Catherine Wheel - Adam and Eve

A huge recovery from Happy Days.

Dickinson, Futter, Hawes, and Sims expand their palette further, put together a collections of great, varied tracks, assisted by producers Bob Ezrin and Garth Richards.

Despite that, the band just never took off. There'd be one very weak follow-up, Wishville, and that's all she wrote.

Future Boy, live, from the tour that followed this release:

https://youtu.be/IqGF704vzq4

#nowplaying #vinyl #CatherineWheel #RobDickinson

I did like someone's comment that Catherine Wheel was a midpoint between the braininess of Radiohead (who opened for them) and the dunderheadedness of Oasis...seems about right.

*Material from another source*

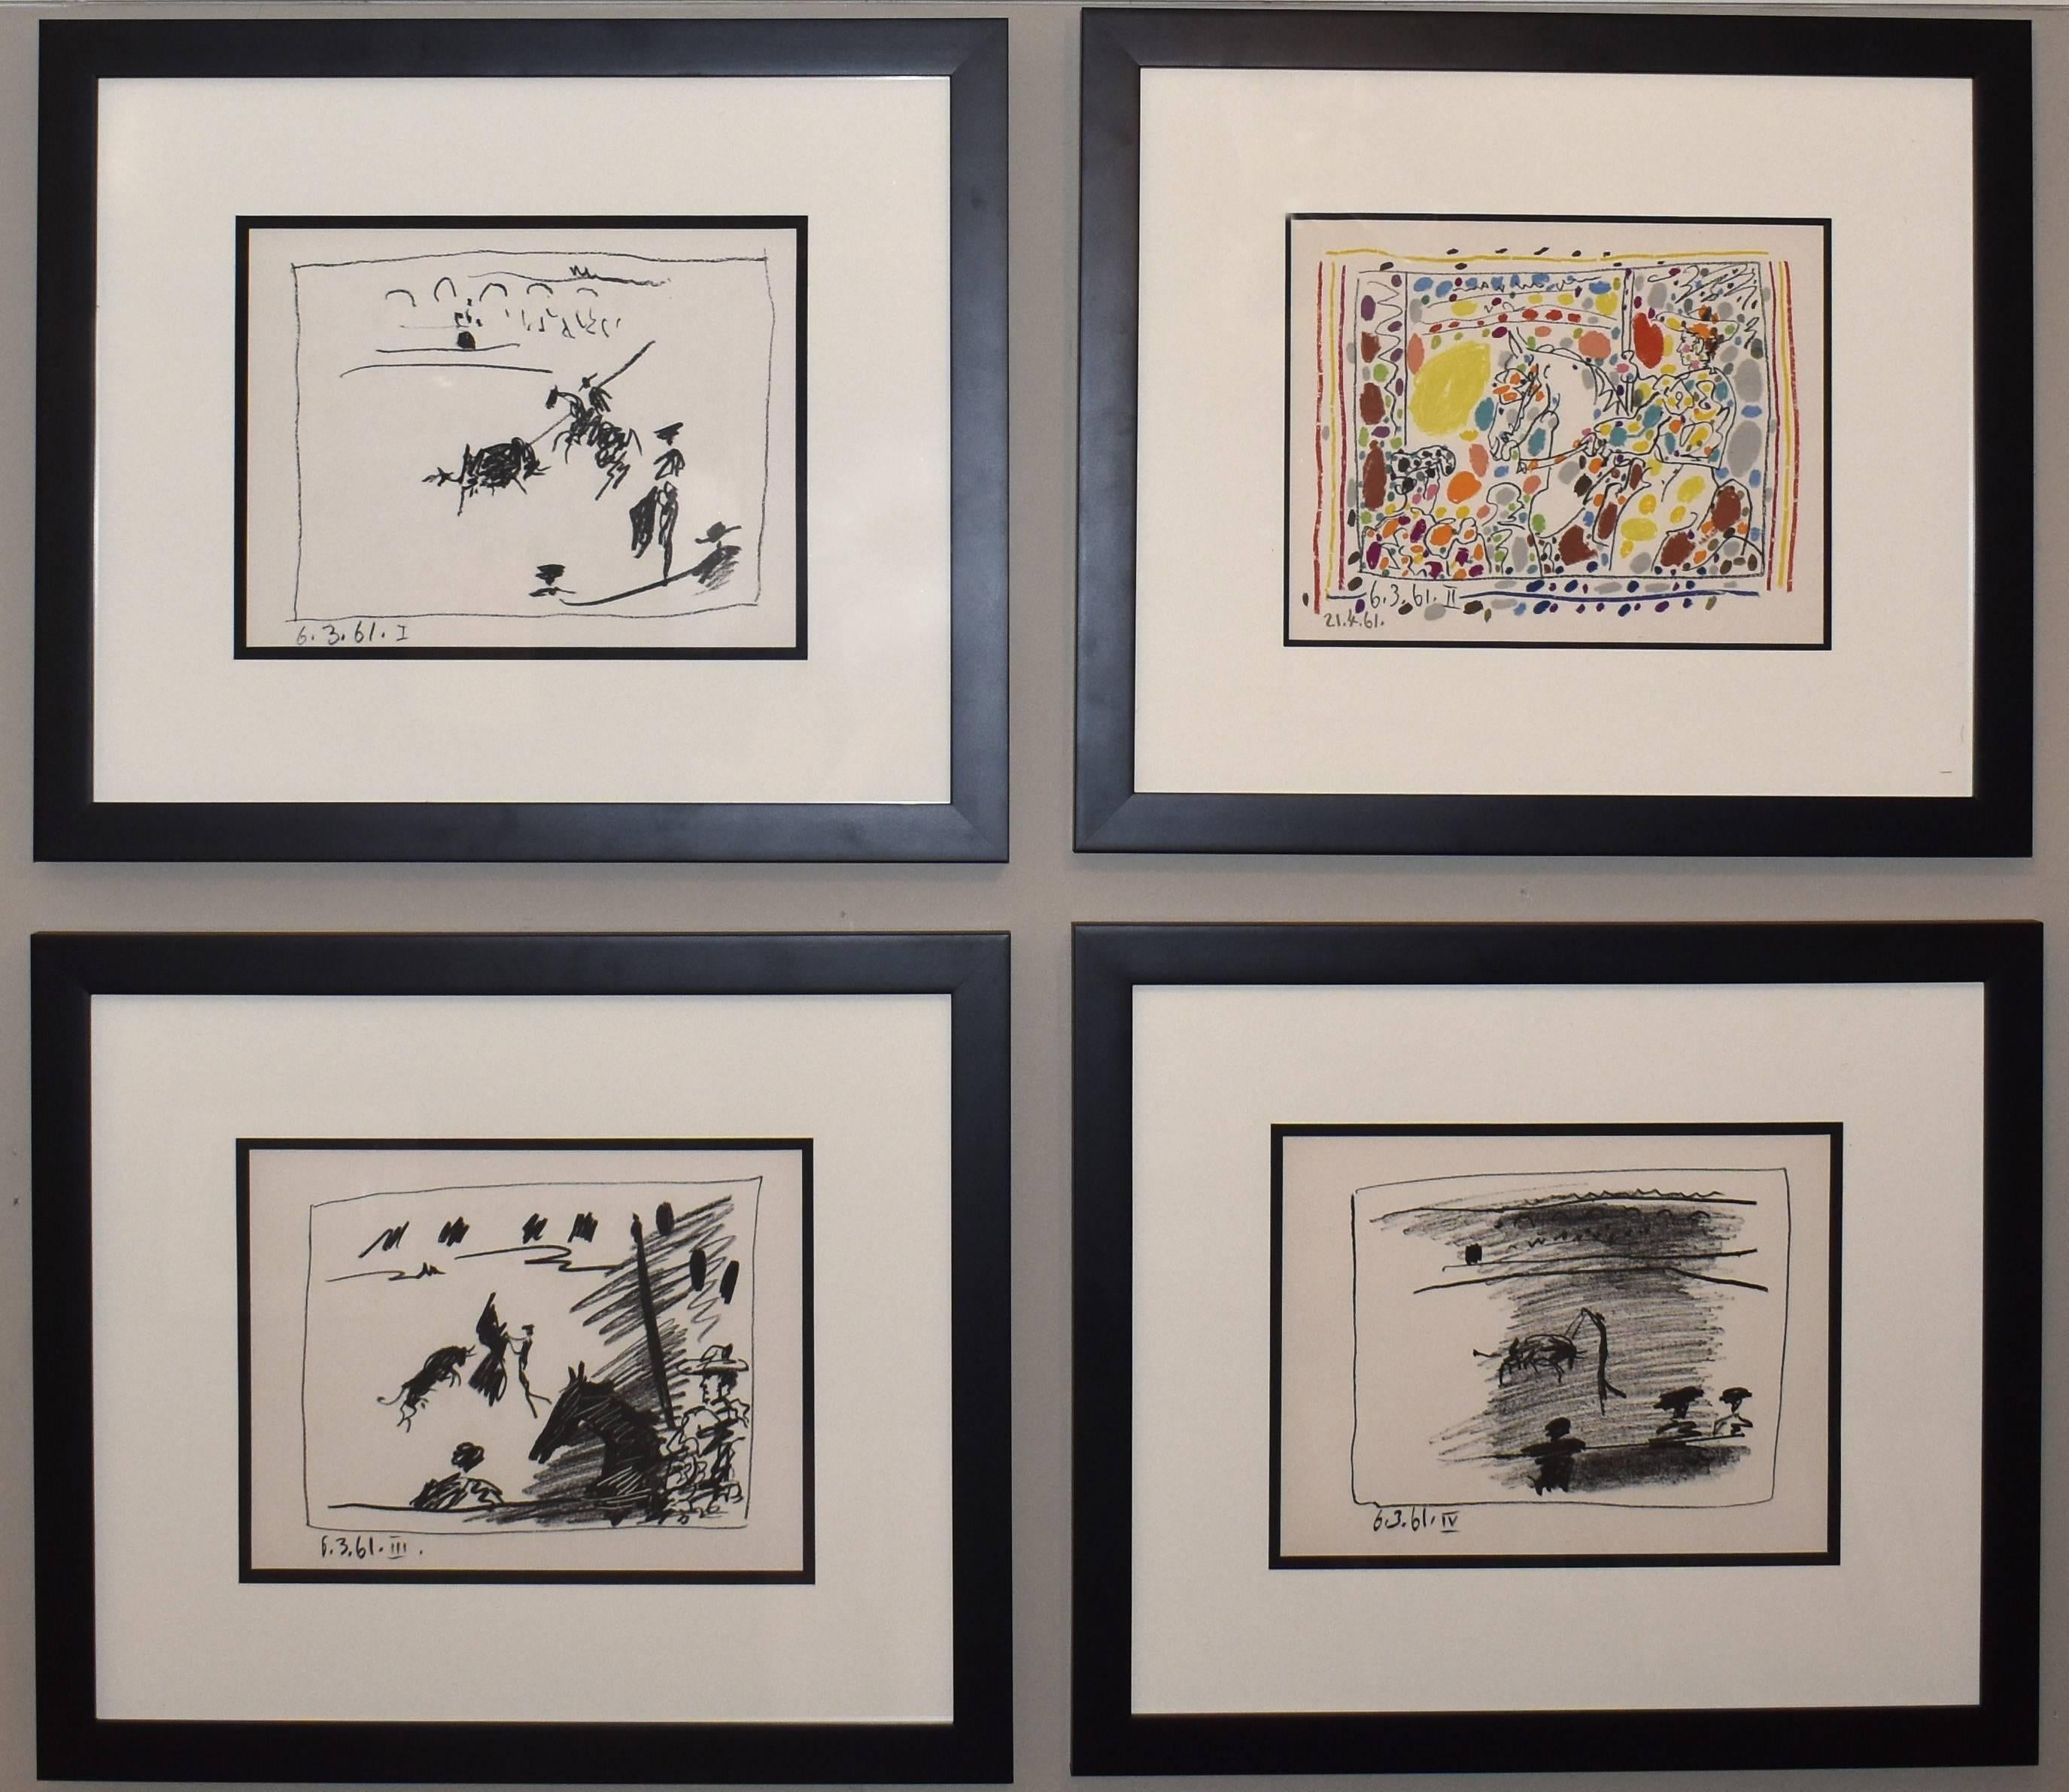 Animal Print Pablo Picasso - A Los Toros avec Picasso (Set of Four in Black Frames)

Also, there's just *so much* Pink Floyd-ness on this album. I mean, in case you didn't get it, they basically reproduced the "radio" trick from Wish You Were Here on one track...and hired producer Bob Ezrin, who did The Wall...

#nowplaying #vinyl #CatherineWheel #RobDickinson

@dnanian oh, wow. That’s really interesting. WYWH is a fave.
I found them when Chrome came out, and only managed to discover more work by them thanks to your posts here.

@Luke @dnanian I love that band. There’s not a single record of theirs I don’t like.
Growing up in Boston, not a lot of people I knew liked them and I could never understand why. The first time I heard “Black Metallic” it blew my mind.

Adam and Eve is a great fucking album.
Unfortunately, somebody stole my vinyl copy from my house during a party.

@TheVinylApe @Luke Oh no! That may be a jailing offense. :-)

Hey, I'm from Boston and *I* knew about them. :-)

And given the collaborated with Tanya Donelly (and came to Fort Apache to record her vocal part)...clearly they were at least a little known.

They just didn't break through for some reason. But three great albums, one good album, and one bad album (not counting the B-Sides LP) is a pretty good legacy!